Today, Wet Shark is given n bishops on a 1000 by 1000 grid. Both rows and columns of the grid are numbered from 1 to 1000. Rows are numbered from top to bottom, while columns are numbered from left to right.

Wet Shark thinks that two bishops attack each other if they share the same diagonal. Note, that this is the only criteria, so two bishops may attack each other (according to Wet Shark) even if there is another bishop located between them. Now Wet Shark wants to count the number of pairs of bishops that attack each other.

Input

The first line of the input contains n (1 ≤ n ≤ 200 000) — the number of bishops.

Each of next n lines contains two space separated integers xi and yi (1 ≤ xi, yi ≤ 1000) — the number of row and the number of column where i-th bishop is positioned. It's guaranteed that no two bishops share the same position.

Output

Output one integer — the number of pairs of bishops which attack each other.

Sample test(s)

input

5
1 1
1 5
3 3
5 1
5 5

output

6

input

3
1 1
2 3
3 5

output

0

Note

In the first sample following pairs of bishops attack each other: (1, 3), (1, 5), (2, 3), (2, 4), (3, 4) and (3, 5). Pairs (1, 2), (1, 4),(2, 5) and (4, 5) do not attack each other because they do not share the same diagonal.

好坑的一道题，关键就是没读懂啥意思：

大体题意：

给你n个坐标，如果坐标位于相同的对角线上，则会相互攻击，问相互攻击的对数。

注意：

这里的对角线，不是让你在这n个坐标中寻找一个矩形，在判断是否对角线。。。这太麻烦了，

这里的对角线就是和网格正方形对角线平行的直线，

说白了就是过这个点做斜率为1和-1的直线，这就是它的两根对角线！T T

思路：

这样思路就很清晰了，我不太适应他这种建系方式，我就把坐标先转换了一下。转换成左下角为原点的坐标系！

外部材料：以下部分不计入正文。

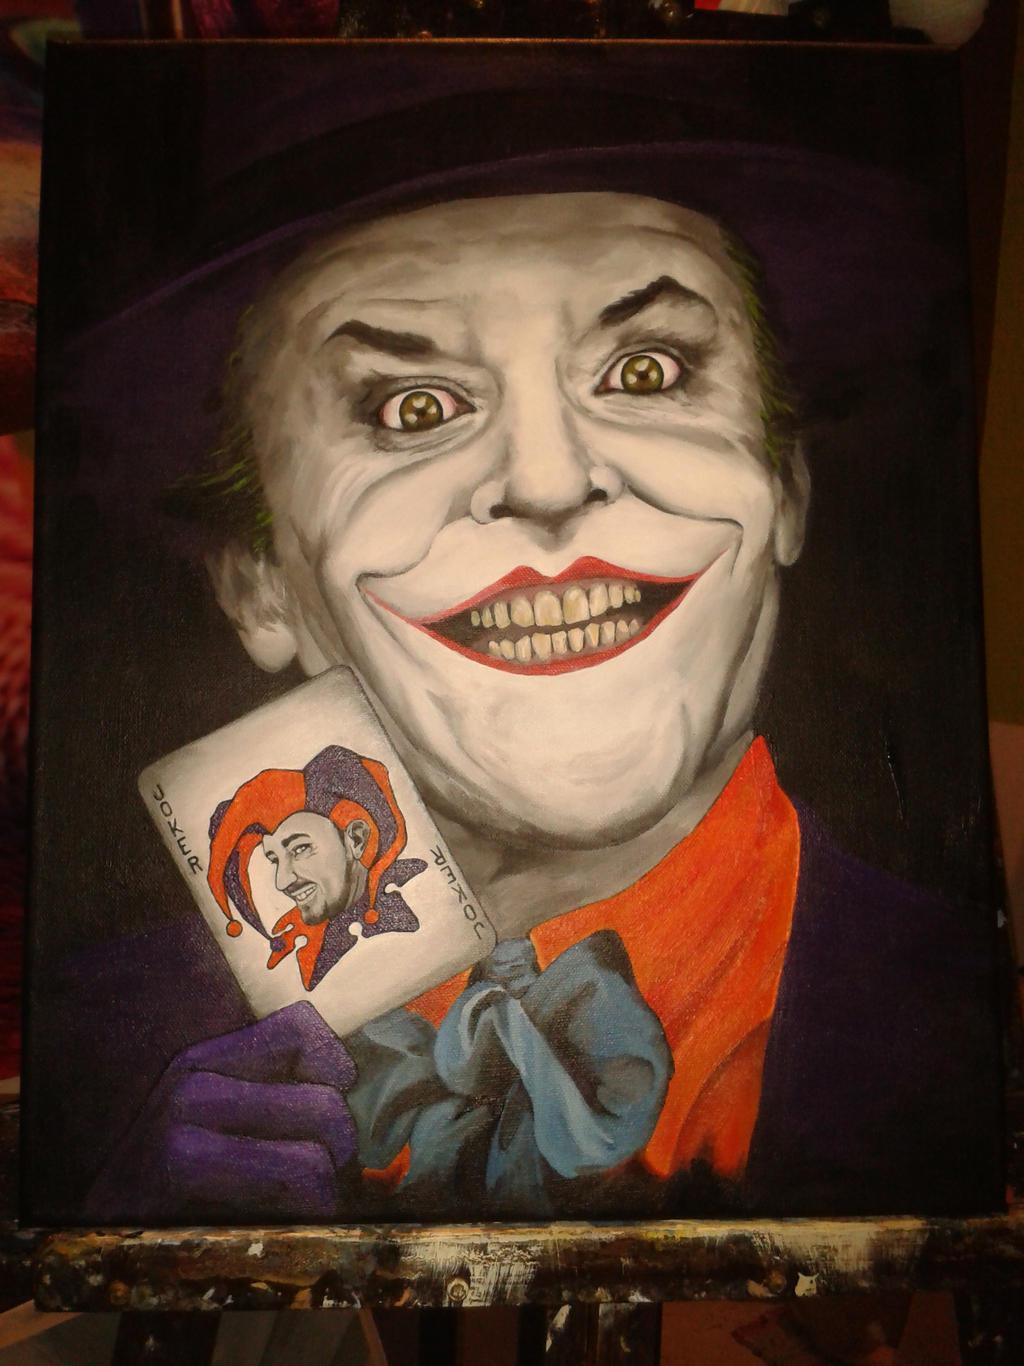 Jack Nicholson As Joker Quotes. QuotesGram

然后用两个map，m1.m2，记录斜率为1和-1时的截距。

最后统计截据，套一下公式   个数 = num*(num-1)/2就行了！

代码如下：

#include<iostream>
#include<cstdio>
#include<algorithm>
#include<map>
using namespace std;
int f(int n){
    return n*(n-1)/2;
}
int main()
{
    int n;
    ios::sync_with_stdio(false);
    while(cin >> n){
            map<int,int>m1,m2;
            for (int i = 0; i < n; ++i){
            int x1,y1,u,v;
            cin >> x1 >> y1;
            u = 1000-y1;
            v = 1000-x1;
            if (!m1.count(v-u))m1[v-u]=0;
            m1[v-u]++;
            if (!m2.count(v+u))m2[v+u]=0;
            m2[v+u]++;
            }
            int sum = 0;
            for (int i = -1000; i < 2001; ++i){
                if (m1.count(i))sum+=f(m1[i]);
                if (m2.count(i))sum+=f(m2[i]);
            }
            cout << sum << endl;
    }
    return 0;
}